*** Opening Data provided ***

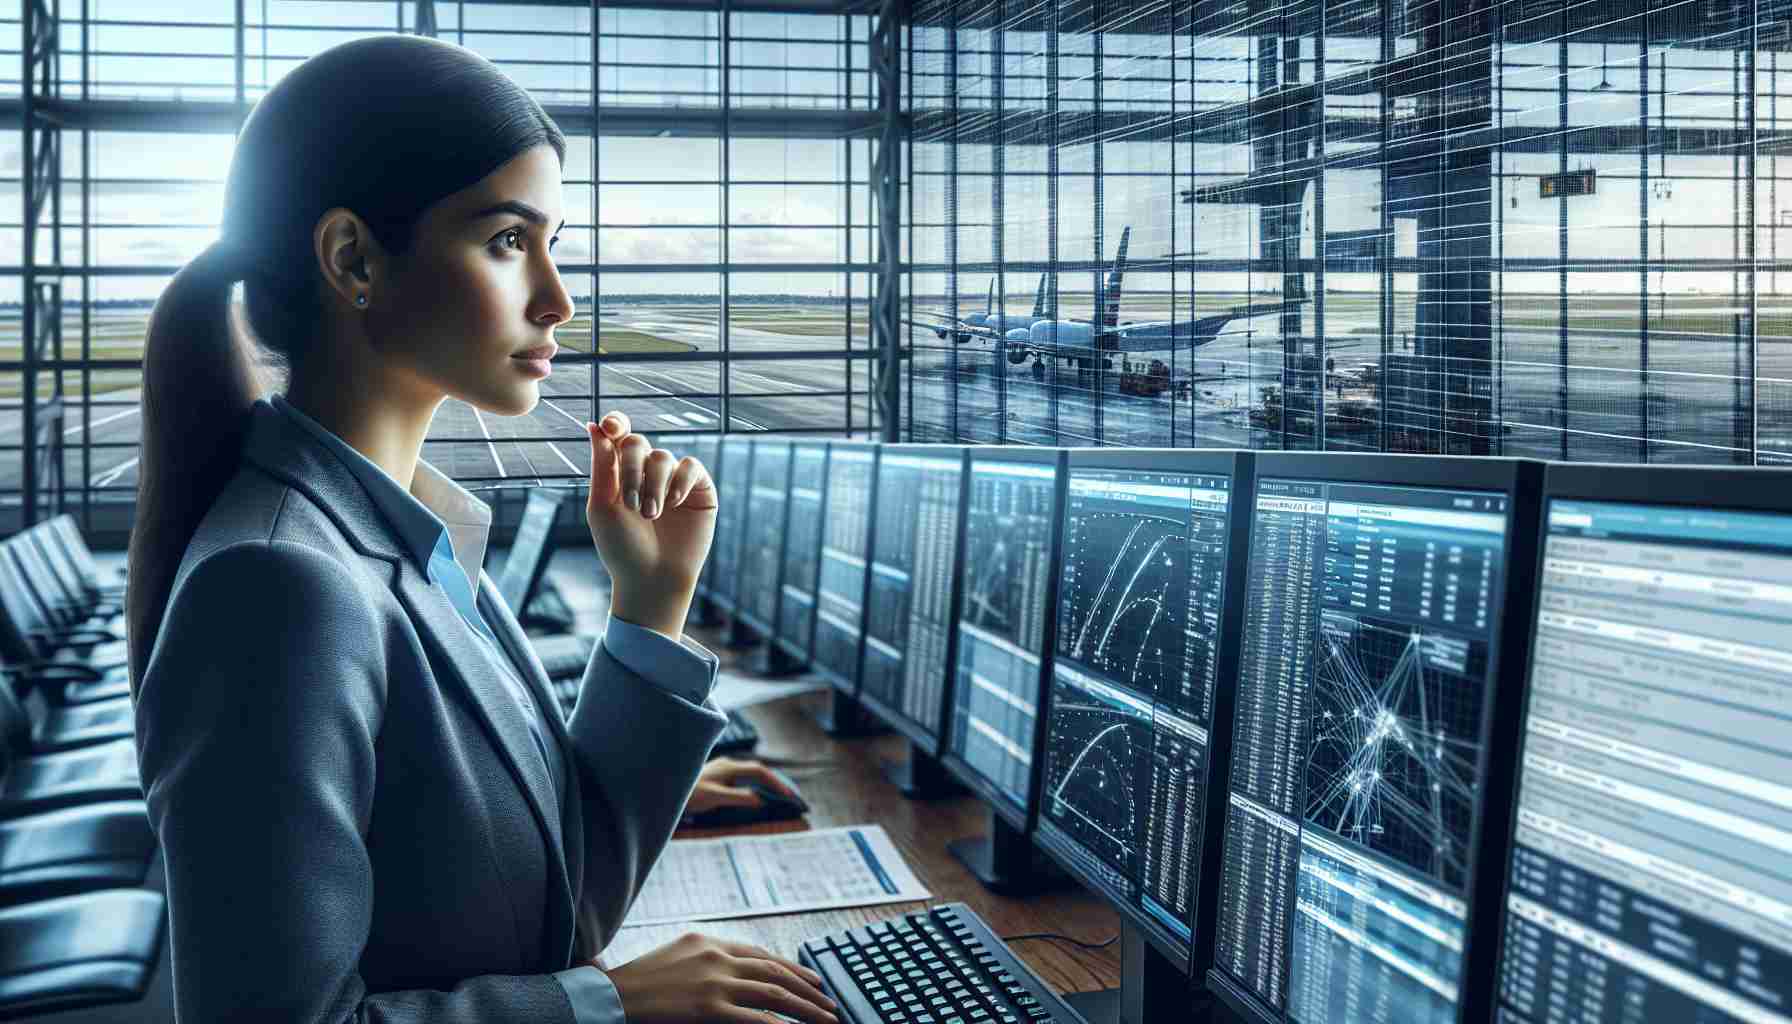 Detailed, high-definition depiction of an American airline business executive analyzing a departure scene at an airport. The executive is a Hispanic woman, looking thoughtful and professional, studying computer screens displaying various flight metrics and departure details, with a backdrop of large glass windows revealing a bustling runway. The image captures the intricacies and complexities involved in managing flight operations.
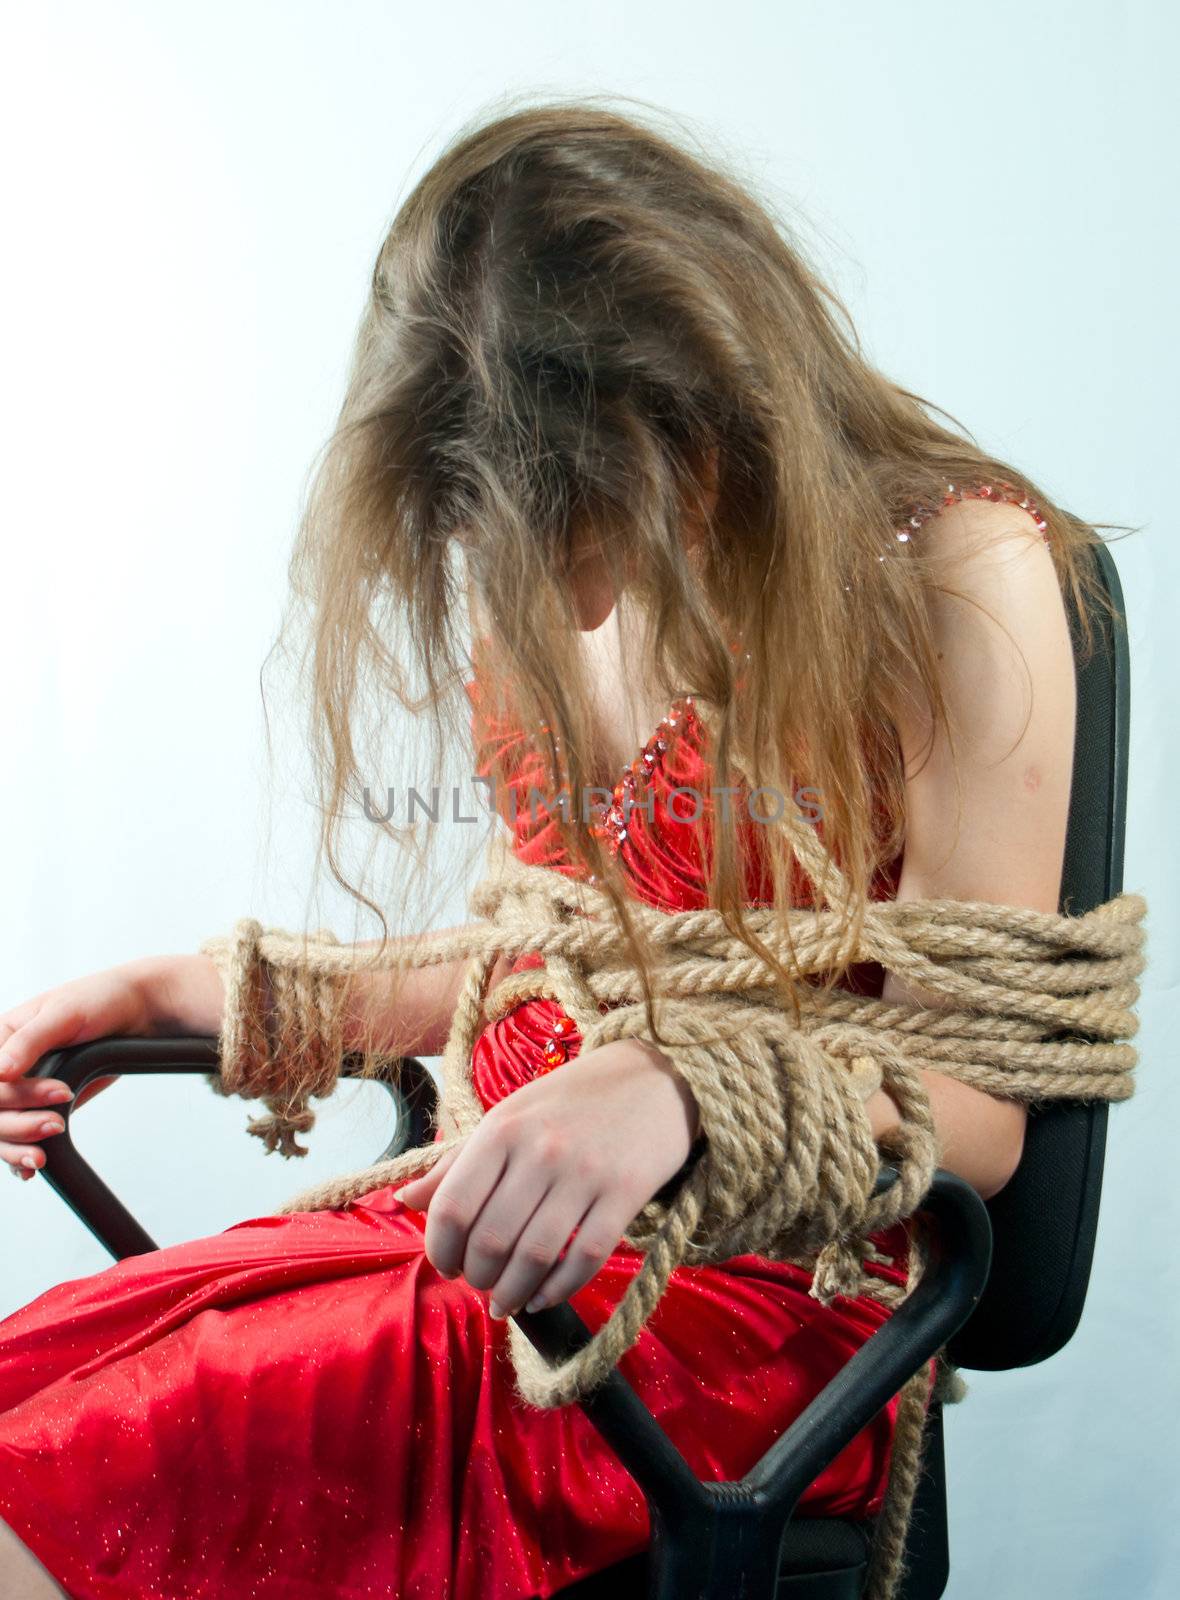 Woman tied up with a rope against light background
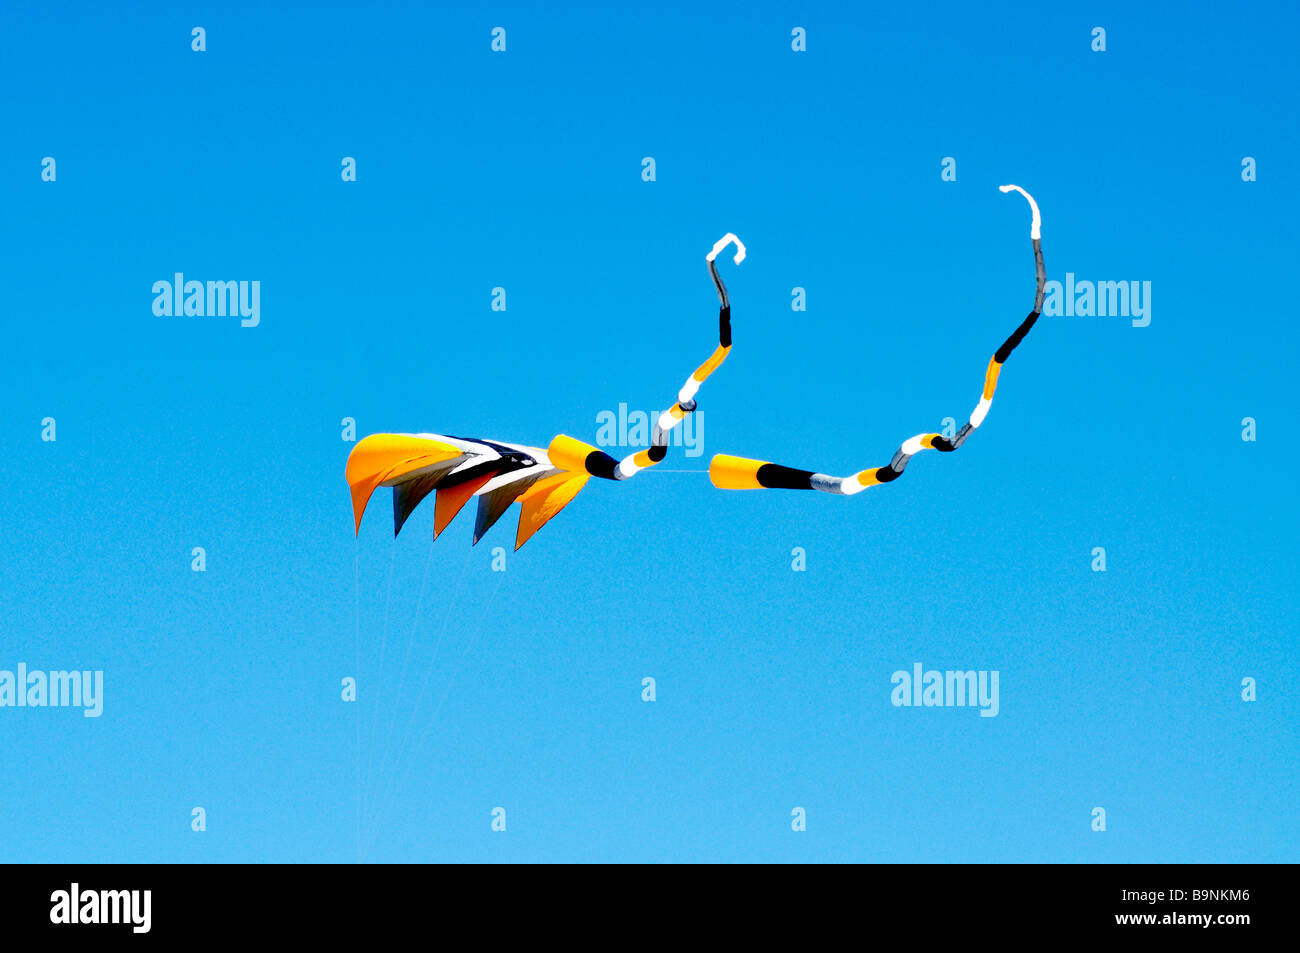 Large striped [sled kite] with streamers flying against clear blue sky Stock Photo
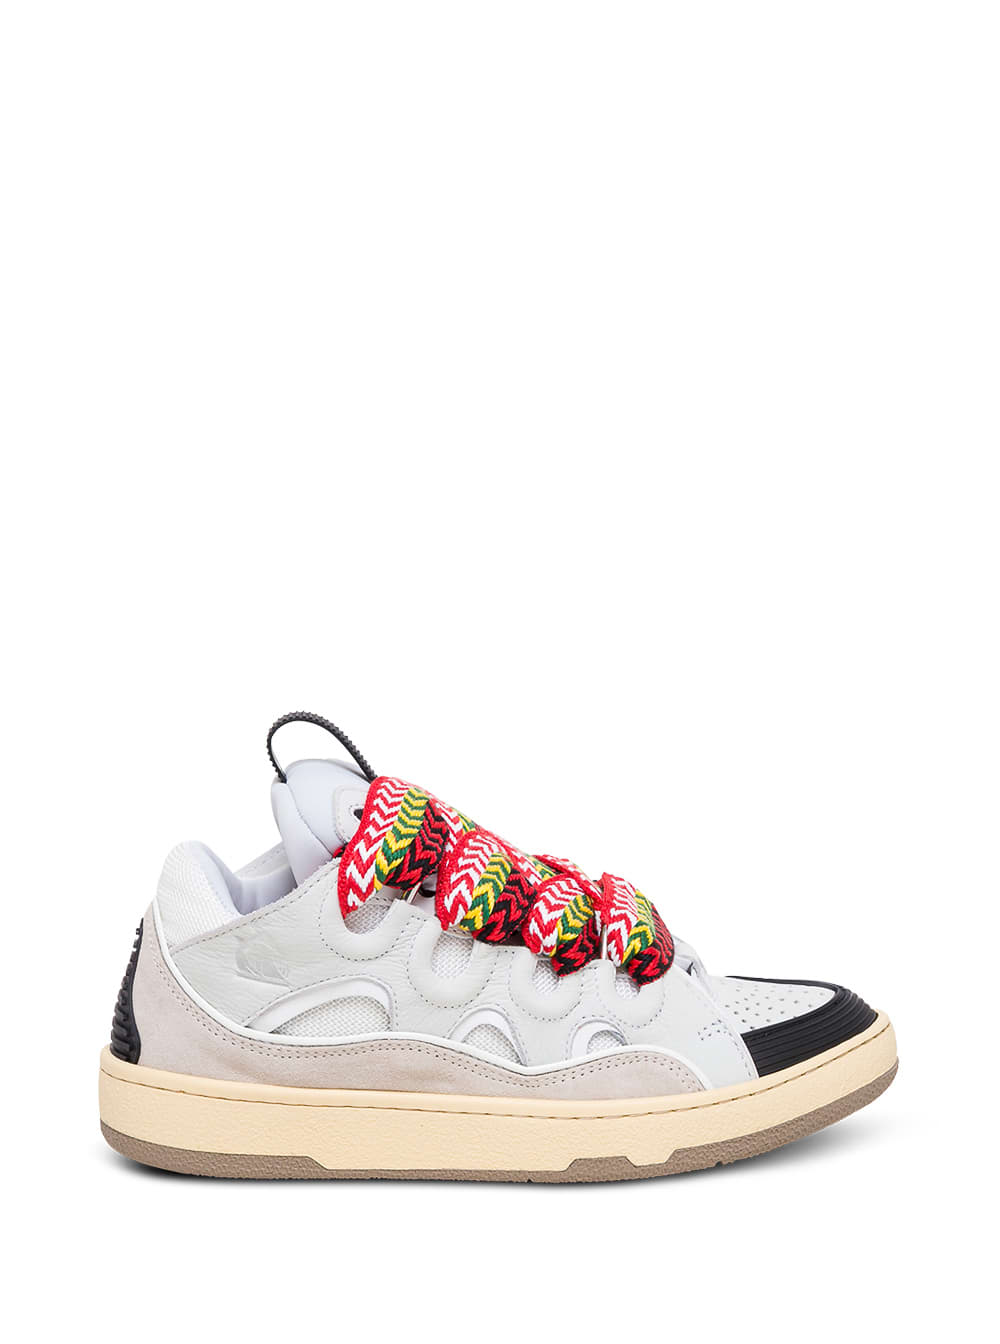 Lanvin Skate Leather Sneakers With Multicolor Laces

*** Closing Data provided ***

What you have to do: Print the material above word for word, and keep the pictures out of it.

Result for this task:
 Detailed, high-definition depiction of an American airline business executive analyzing a departure scene at an airport. The executive is a Hispanic woman, looking thoughtful and professional, studying computer screens displaying various flight metrics and departure details, with a backdrop of large glass windows revealing a bustling runway. The image captures the intricacies and complexities involved in managing flight operations.
 Woman tied up with a rope against light background
 Large striped [sled kite] with streamers flying against clear blue sky Stock Photo
 Lanvin Skate Leather Sneakers With Multicolor Laces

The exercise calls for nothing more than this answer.